In seinem Urteil ist das belgische Verfassungsgericht deutlicher geworden als das oberste Gericht Frankreichs. Erst am vergangenen Mittwoch machten die französischen Richter:innen die Ausnahme aus dem EuGH-Urteil zur Regel und gaben der umfassenden Vorratsdatenspeicherung in Frankreich vorerst weiter grünes Licht – mit der Begründung, dass sich Frankreich aufgrund seiner aktuellen Gefährdungslage im Ausnahmezustand befinde.
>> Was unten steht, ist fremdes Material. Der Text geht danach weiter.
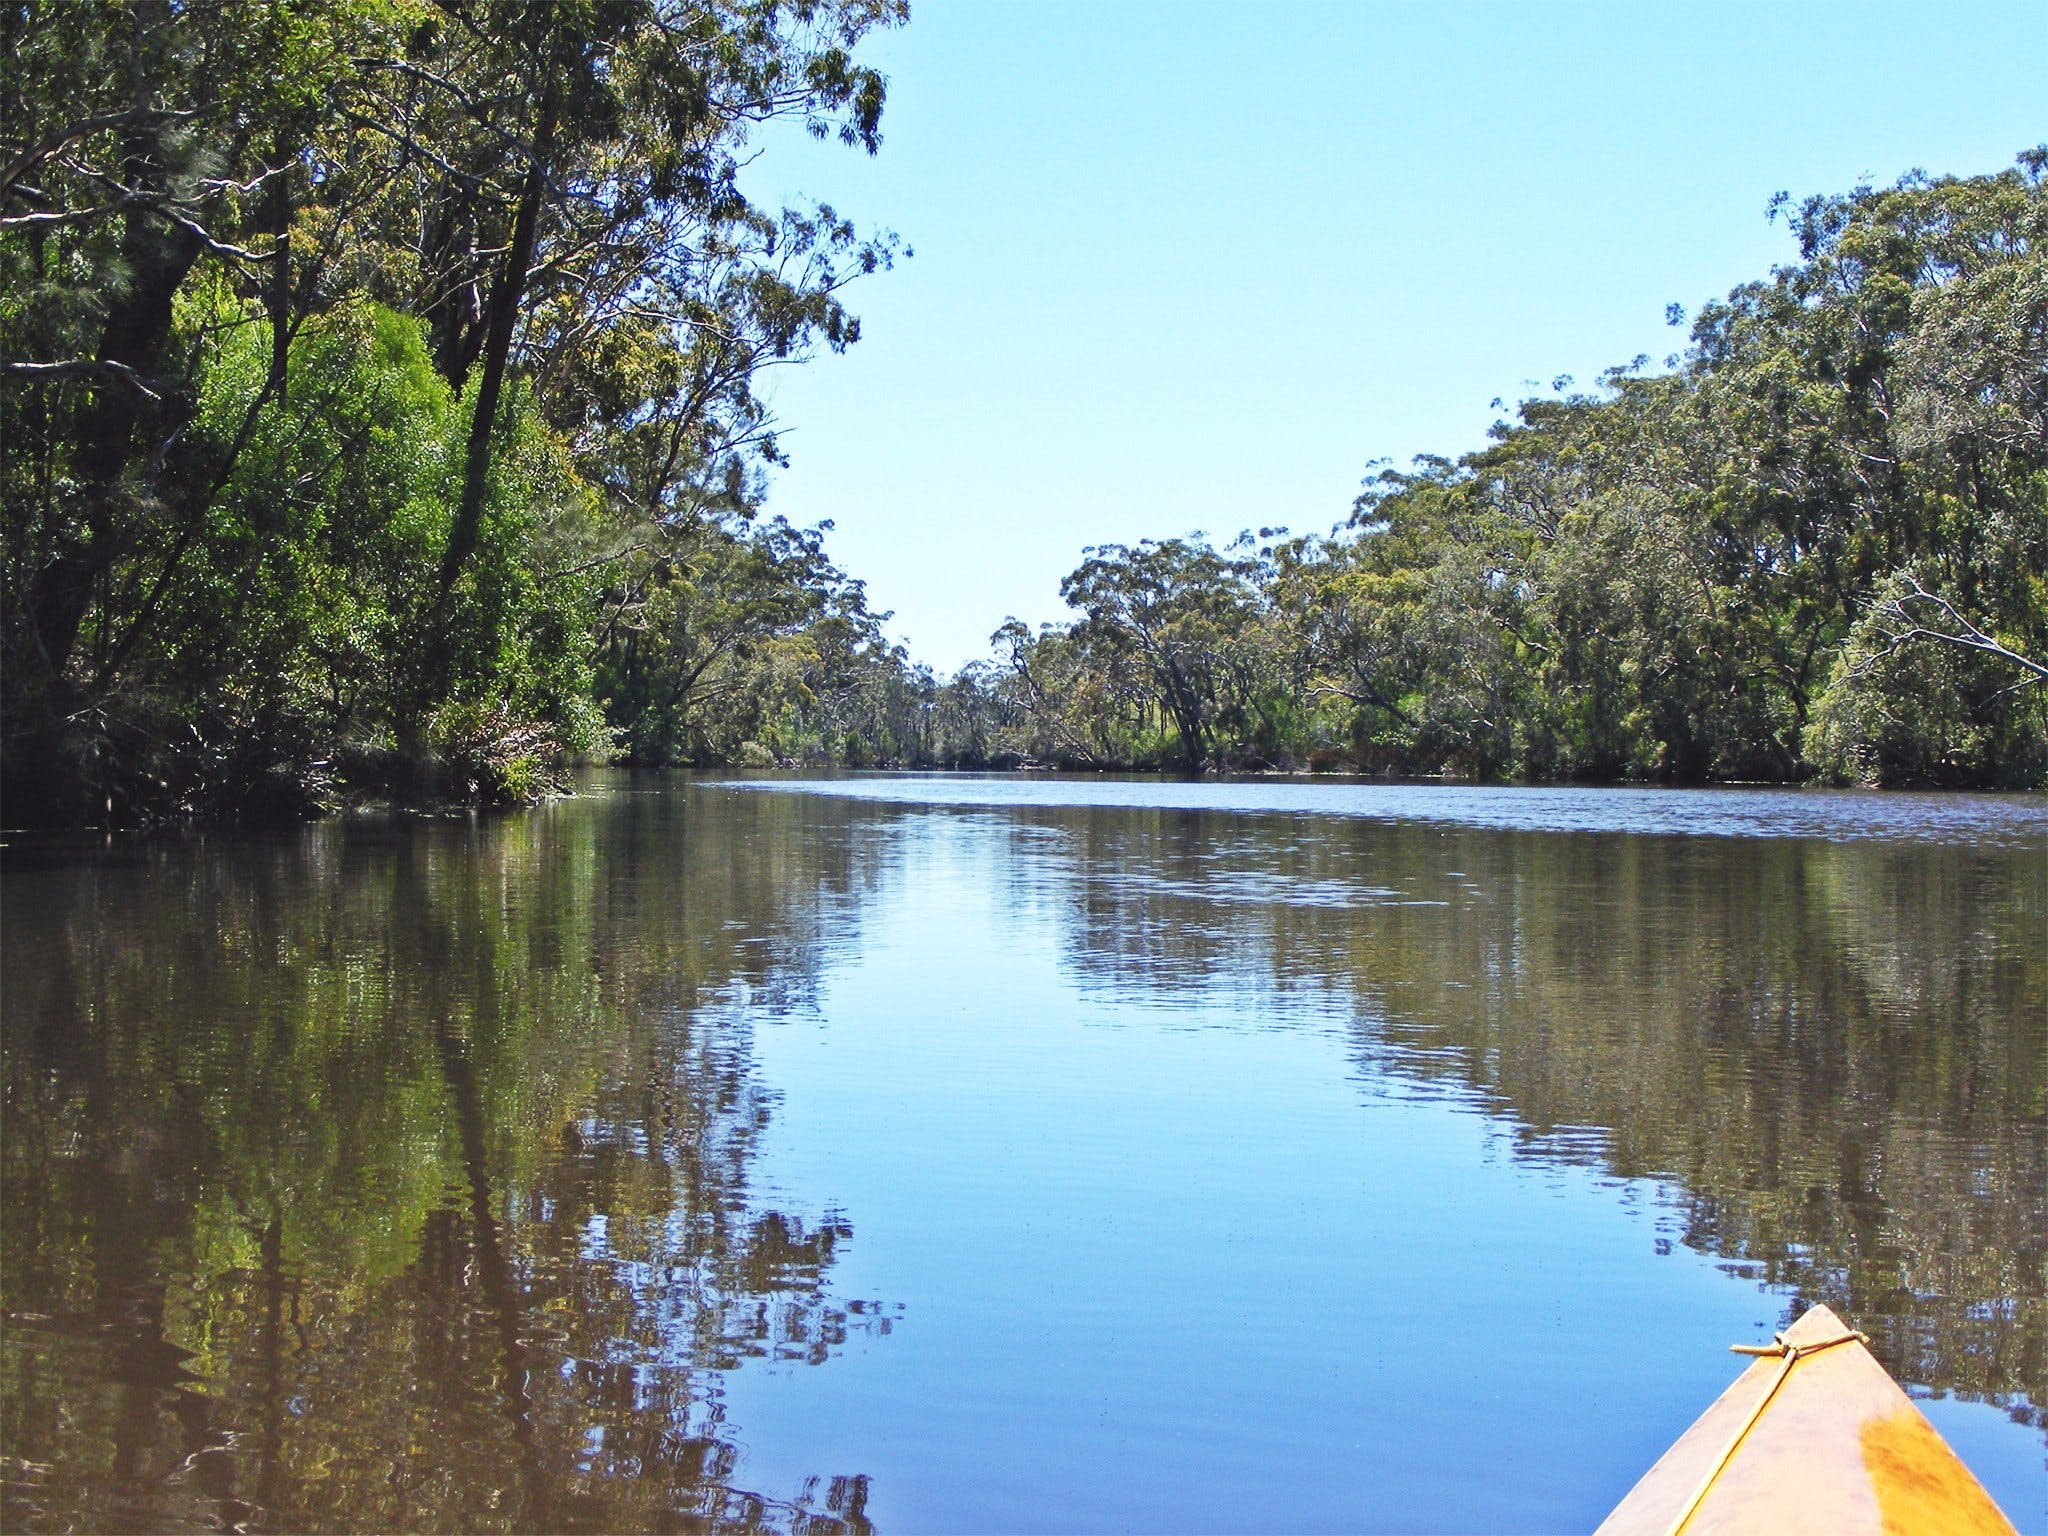 Esk River - Attractions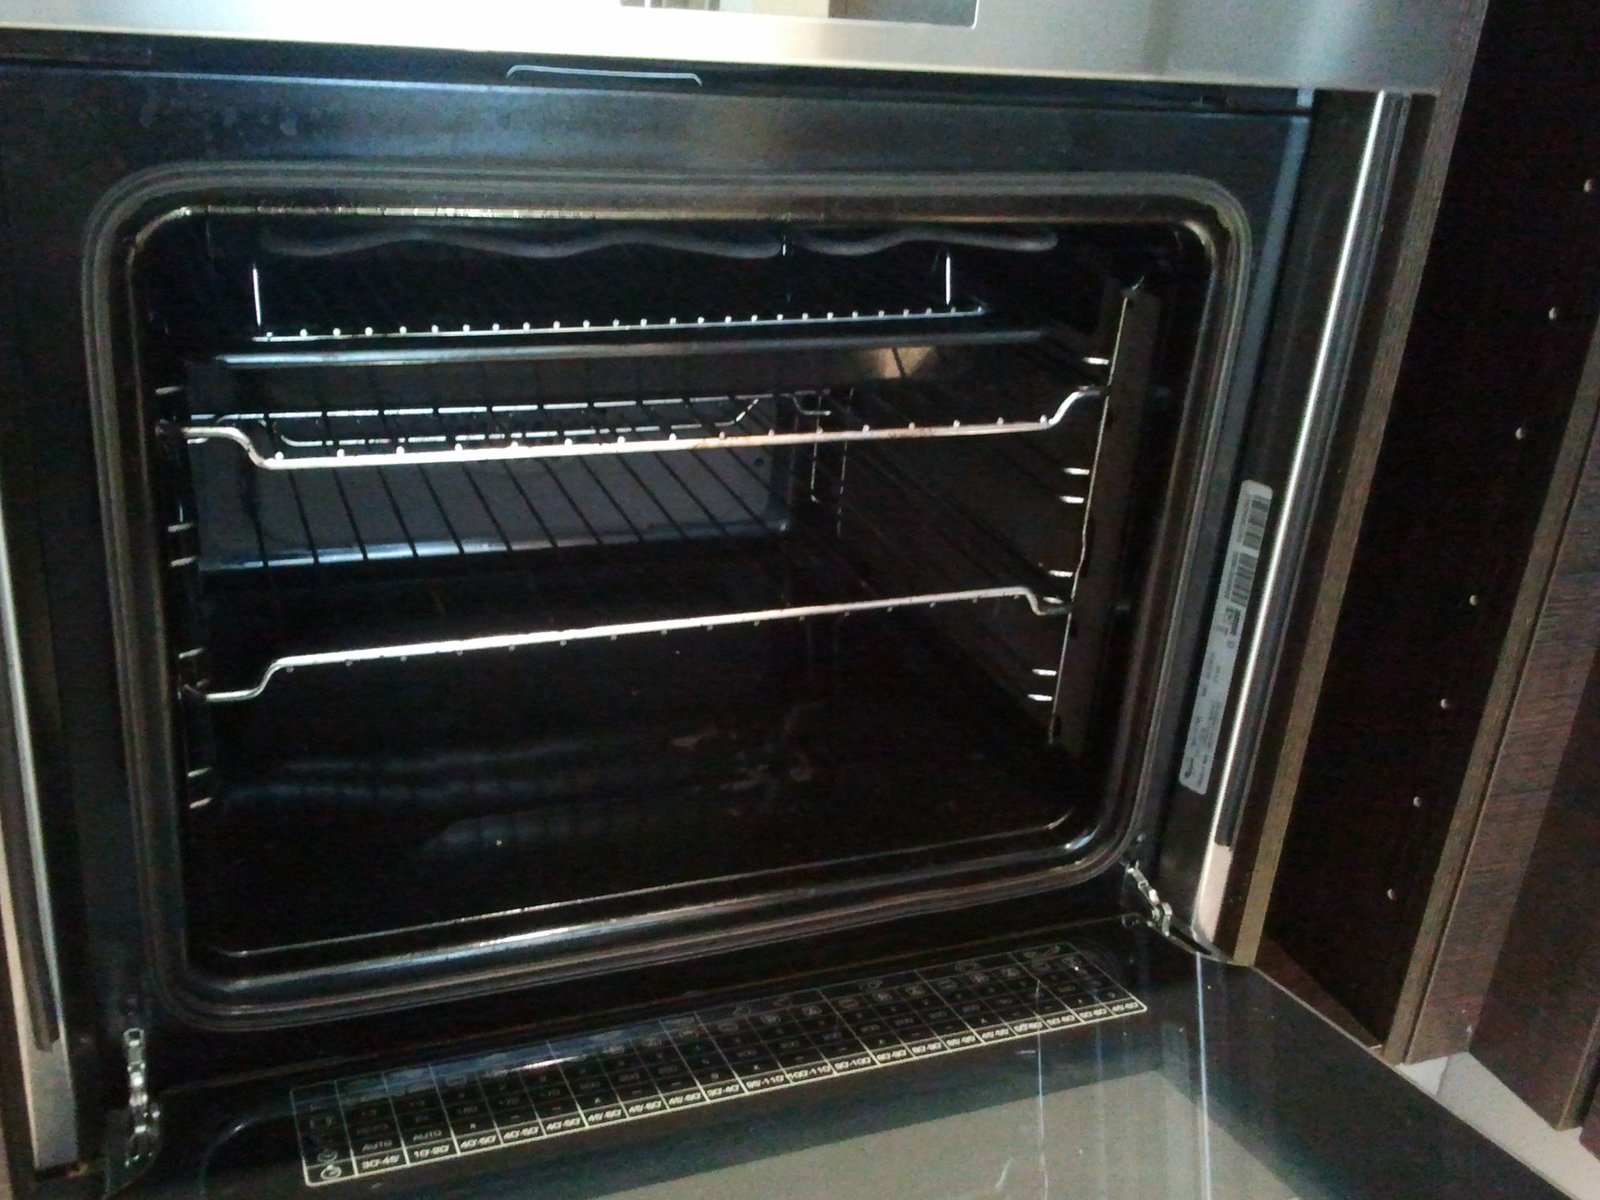 how to self-clean a Samsung oven?

Was als Ausnahme zu werten ist und was nicht, bietet offenbar noch immer Spielraum für verschiedene Interpretationen. Auch in Deutschland ist die Vorratsdatenspeicherung seit Jahren ein Streitthema. 2007 wurde die Vorratsdatenspeicherung das erste Mal beschlossen, drei Jahre später aber wieder gekippt. 2015 startete die große Koalition aus Union und SPD mit dem Gesetz zur „zeitlich befristeten Speicherung von Verkehrsdaten zur Strafverfolgungsvorsorge und zur Gefahrenabwehr“ einen zweiten Anlauf. Auch der hielt nicht lange stand: Das Oberverwaltungsgericht Nordrhein-Westfalens gab zwei Jahre später einer Klage gegen das Gesetz Recht, auch hier begründet durch einen Widerspruch zum EU-Recht.

Vom Tisch ist die Vorratsdatenspeicherung in Deutschland damit aber noch nicht. Die Bundesnetzagentur setzte die Umsetzungspflicht des Gesetzes zwar aus, doch das Bundesverwaltungsgericht gab die Frage der Rechtmäßigkeit der deutschen Vorratsdatenspeicherung im September 2019 an den EuGH weiter. Das Urteil steht noch aus.

Entscheidungen in anderen Mitgliedsstaaten – so wie nun in Belgien – unterstreichen immer wieder, dass die anlasslose Vorratsdatenspeicherung gegen die Grundrechte verstößt. Dennoch hindert das die große Koalition nicht daran, die Vorratsdatenspeicherung weiter in neue Gesetze aufzunehmen. Zuletzt beschloss sie in der vergangenen Woche ihr neues Telekommunikationsgesetz – Verpflichtungen zur Vorratsdatenspeicherung inklusive.